- Born: 26 May 1799 Marylebone, Middlesex, England
- Died: 11 September 1878 (aged 79) Roehampton, Surrey, England
- Known for: Collieries, canals and railways
- Predecessor: Benjamin Hall
- Successor: Crawshay Bailey
- Political party: Whig

= Reginald Blewitt =

British member of parliament

Reginald James Blewitt (1799–1878) was a British MP. He built up the Monmouthshire Merlin newspaper and refurbished Llantarnam Abbey.

==Biography==
Blewitt was born in 1799 to Edward and Amelia Blewitt. His father was descended from the powerful Morgan family of Newport. In 1827 Blewitt published a satirical poem that was published as a 106-page book about the characters of the Chancery Court.

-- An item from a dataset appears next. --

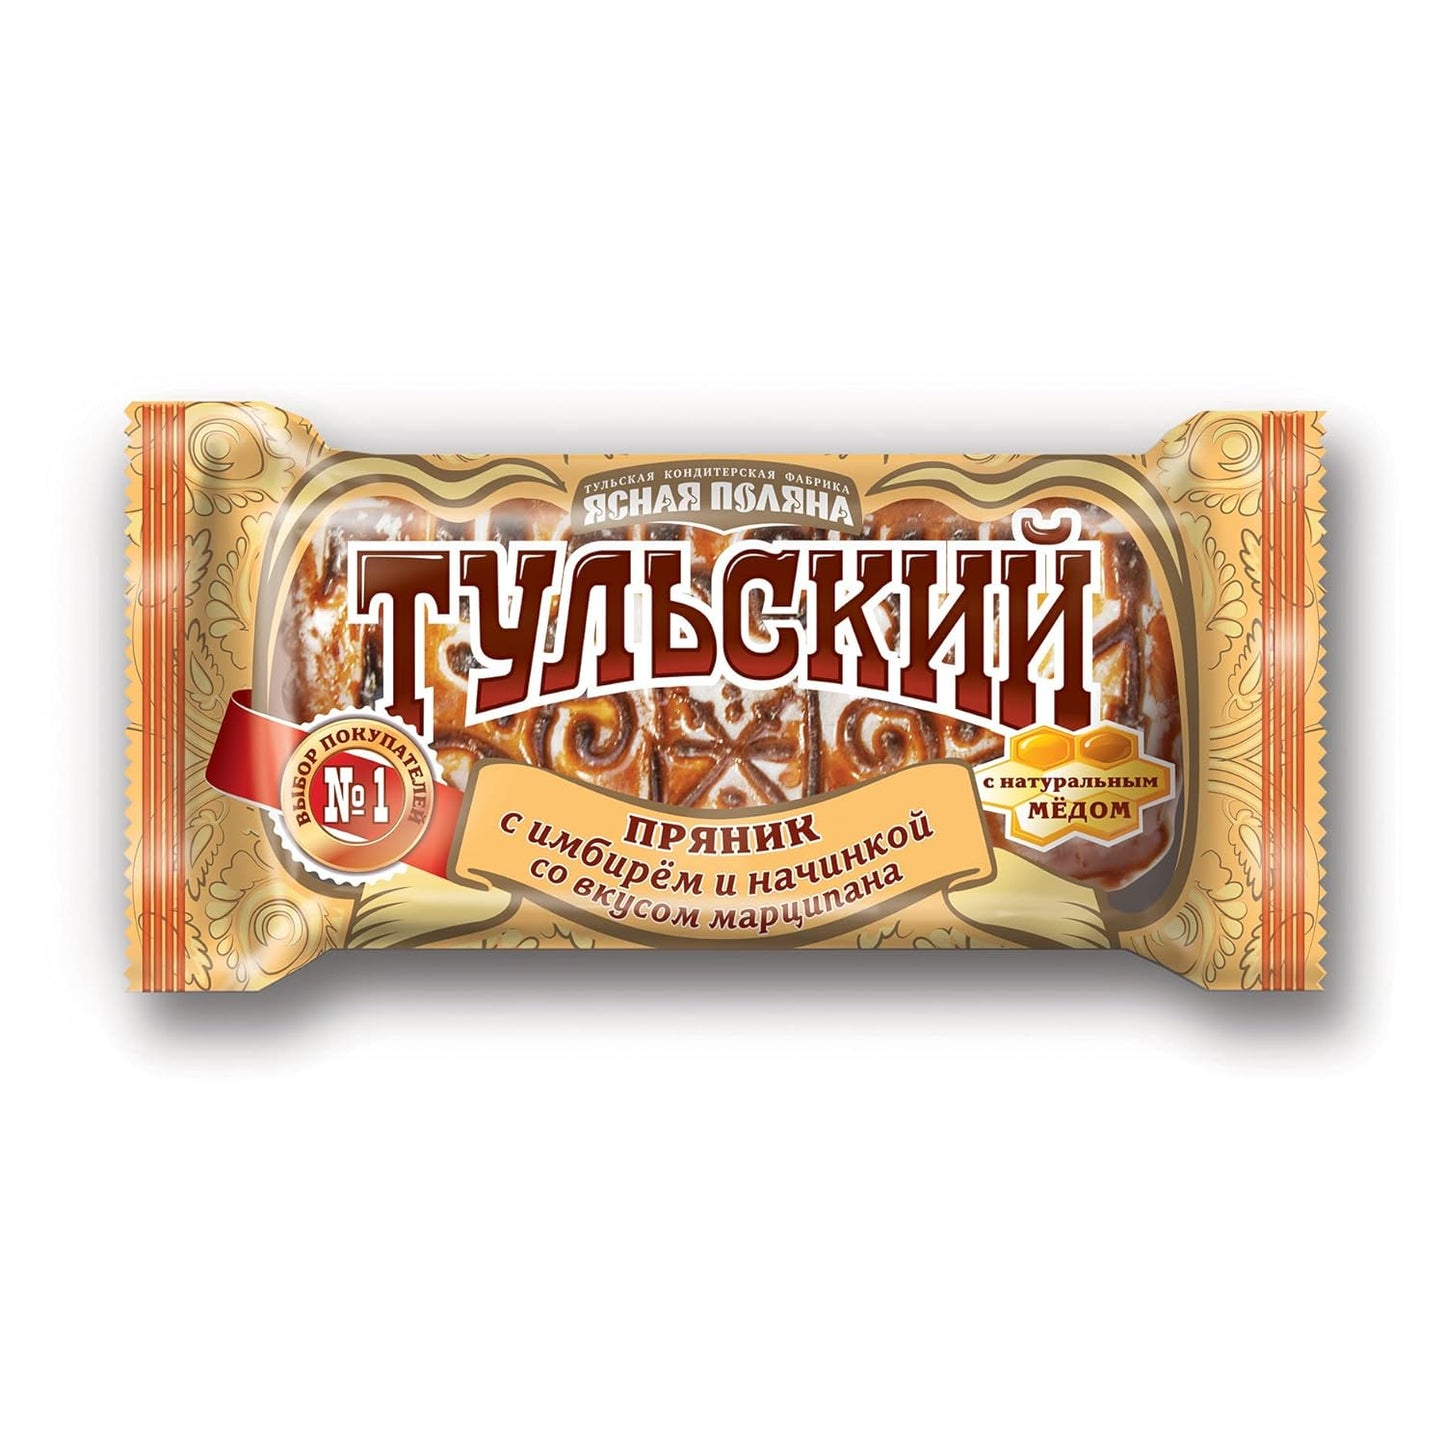 Gingerbread Tulskiy Pryaniki With Ginger and Marzipan Filling 140g/4.93oz

Blewitt obtained ownership of Llantarnam Abbey which had historically been a Catholic home for centuries. Blewitt restored the abbey as his home in 1836. In 1837, he was elected as an M.P. for the Monmouthshire Boroughs.

==Newport Uprising==

Blewitt played a minor role in the Newport Rising when three groups of Chartists descended onto Newport to release from custody a fellow chartist. Two of the groups arrived at the Hotel in Newport and they were turned back by armed soldiers who fired on the rioters. The third group from Pontypool led by William Jones was too late and it had been met on the road by Blewitt who cautioned the men against insurrection. Blewitt was a well known critic of Chartism via his Newport paper. However the group continued and only scattered after they were told of the chartists shot dead and wounded in Newport. Meanwhile, Blewitt had travelled through Caerleon to the site of the riot where he took over the role of Mayor as he had been wounded. Jones and two others were eventually transported for their part in the uprising.

==Cwmbran iron works==
The growth of the iron works at Cwmbran in the middle of the nineteenth century was due to Blewitt's ownership. In 1847 he was establishing a patent for a method of creating malleable iron. This iron works continued as a major employer in the area until 1970.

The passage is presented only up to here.